Humans destroy more things in the environment than climate change. This is especially the case in Australia where over the last 50,000 years people have wiped out the county's megafauna. Before Aboriginals arrived flightless birds, large reptiles and giant marsupials lived a carefree existence.

Humans slaughtered the large animals in a very short period of time. More accurate dating of bones shows that megafauna died out abruptly. When the giant creatures were in large numbers there is no evidence of human tools. After the Diprotodon, Australia's largest marsupial, large kangaroos and flightless birds died out stone tools appeared. Accurate dating shows they did not exist at the same time even though they were found together at certain locations. When humans became settled the large animals were gone. The odd thing is that humans and megafauna must have coexisted for at least 5,000 years. But this is a very narrow window to find evidence of both living side by side.

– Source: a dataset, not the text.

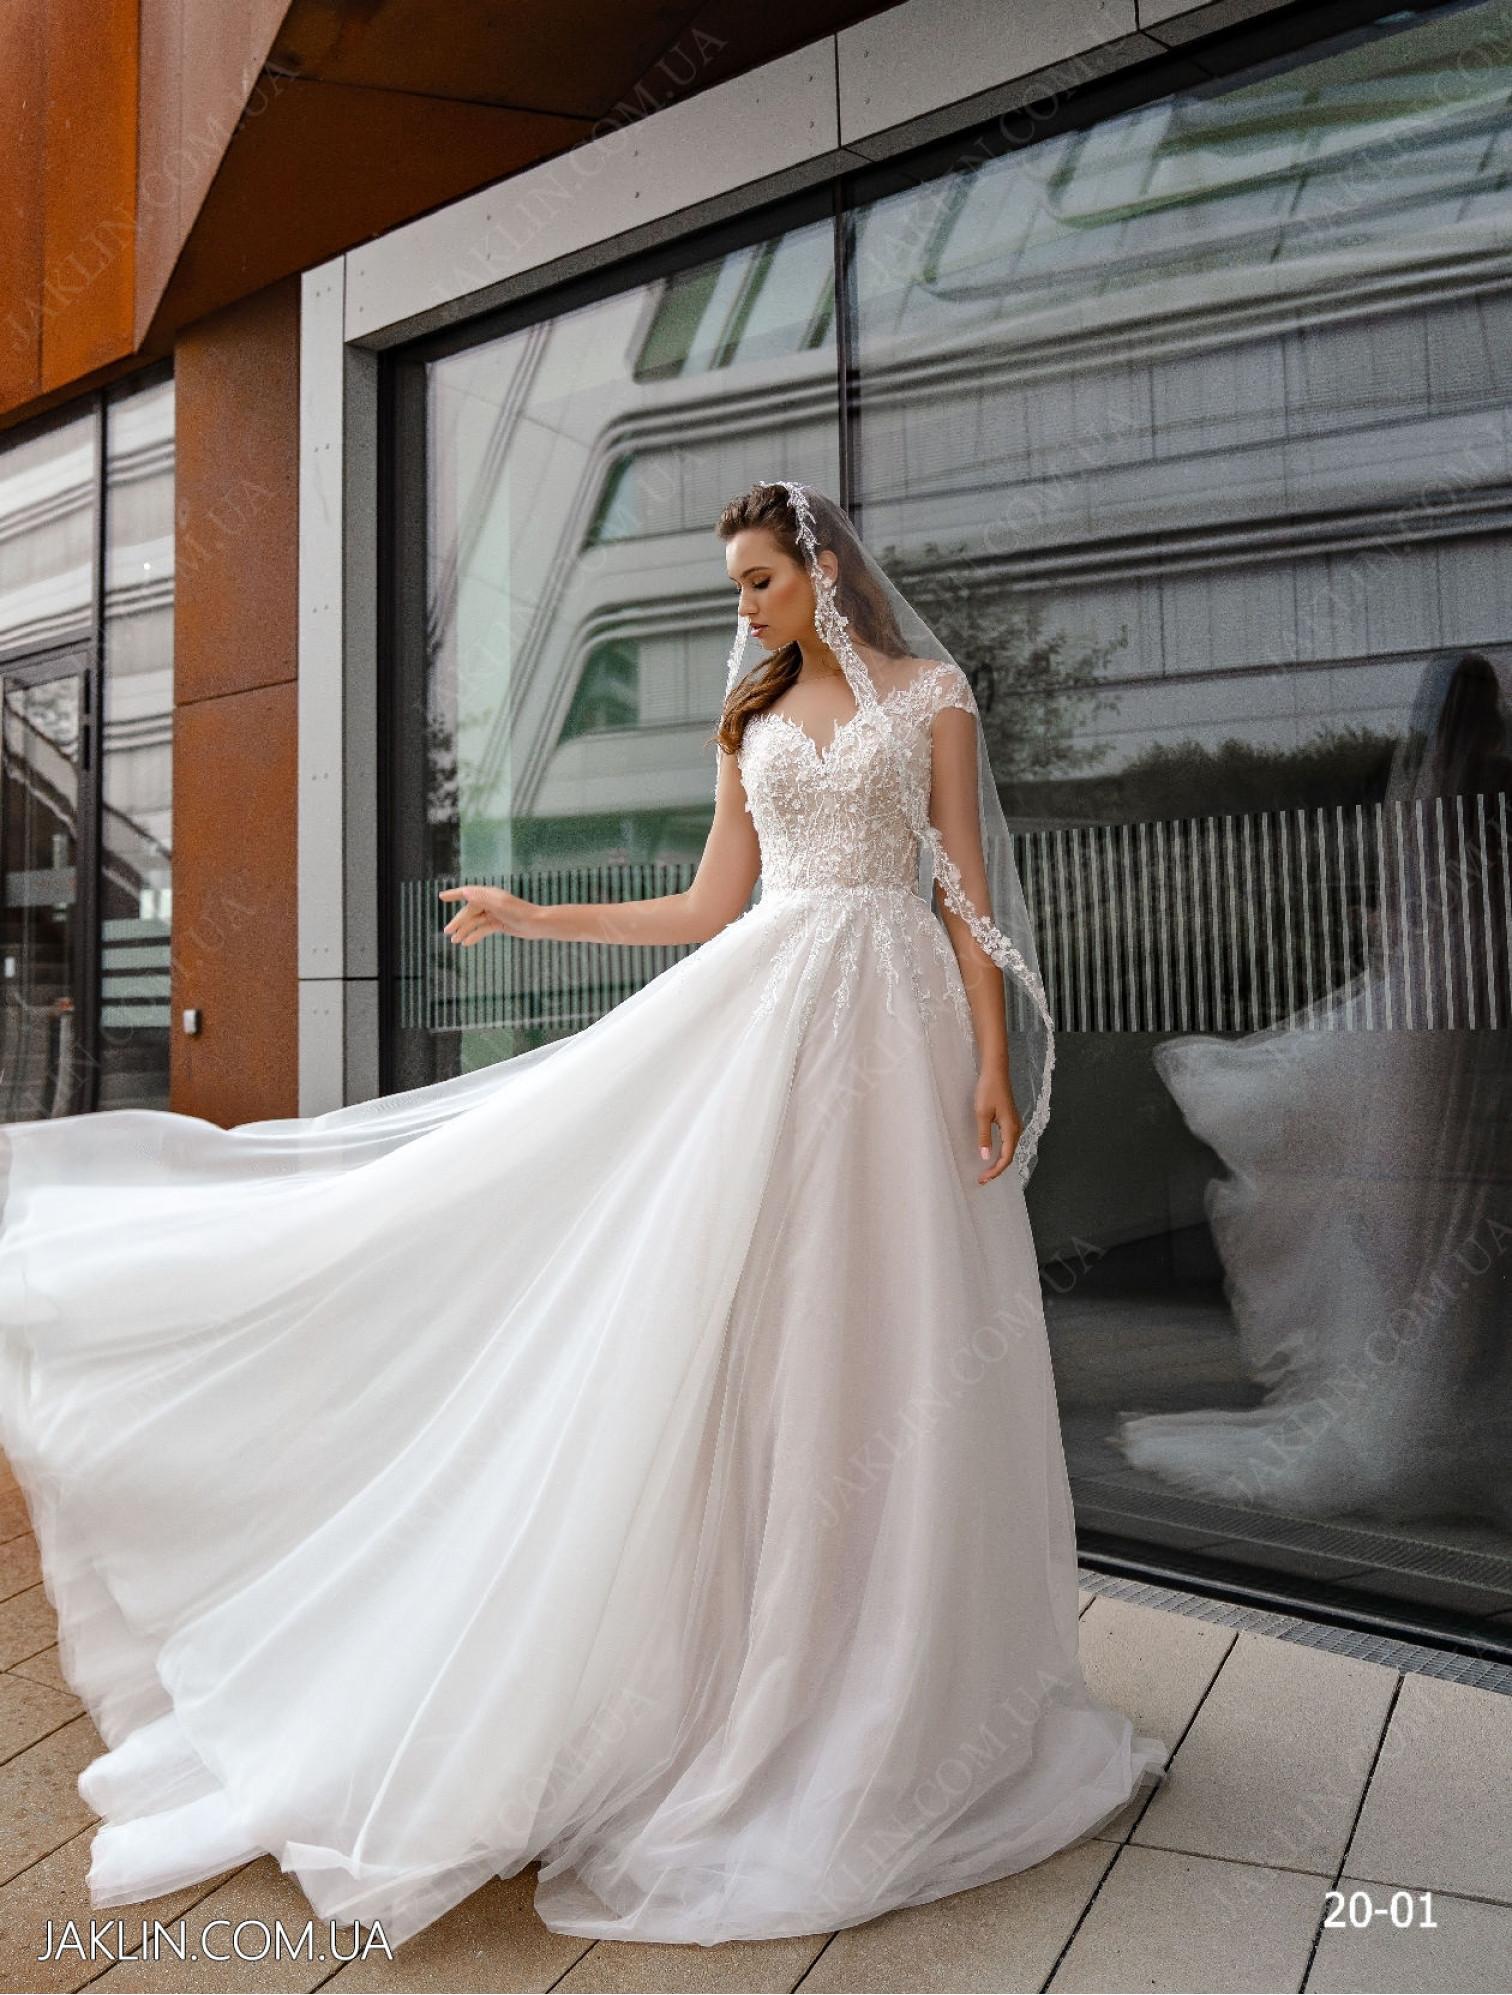 Wedding dress 20-01

This gives weight to the theory that the arrival of modern Man in the Americas caused the demise of the mammoth. Though there is a problem with the American story. Megafauna "ruled" during the ice age which occurred 12,000 years ago. Its seems that when the ice ages ended life changed for the large animals. The climate was then well and truly against the survival of mammoths, short-faced bears, giant bison and sabor-toothed tigers. Some megafauna, however, continued to survive in Kansas, and Nebraska after the ice age period. The skeleton of a giant beaver has been found dating from 10,000 years ago. So Man could still be the culprit.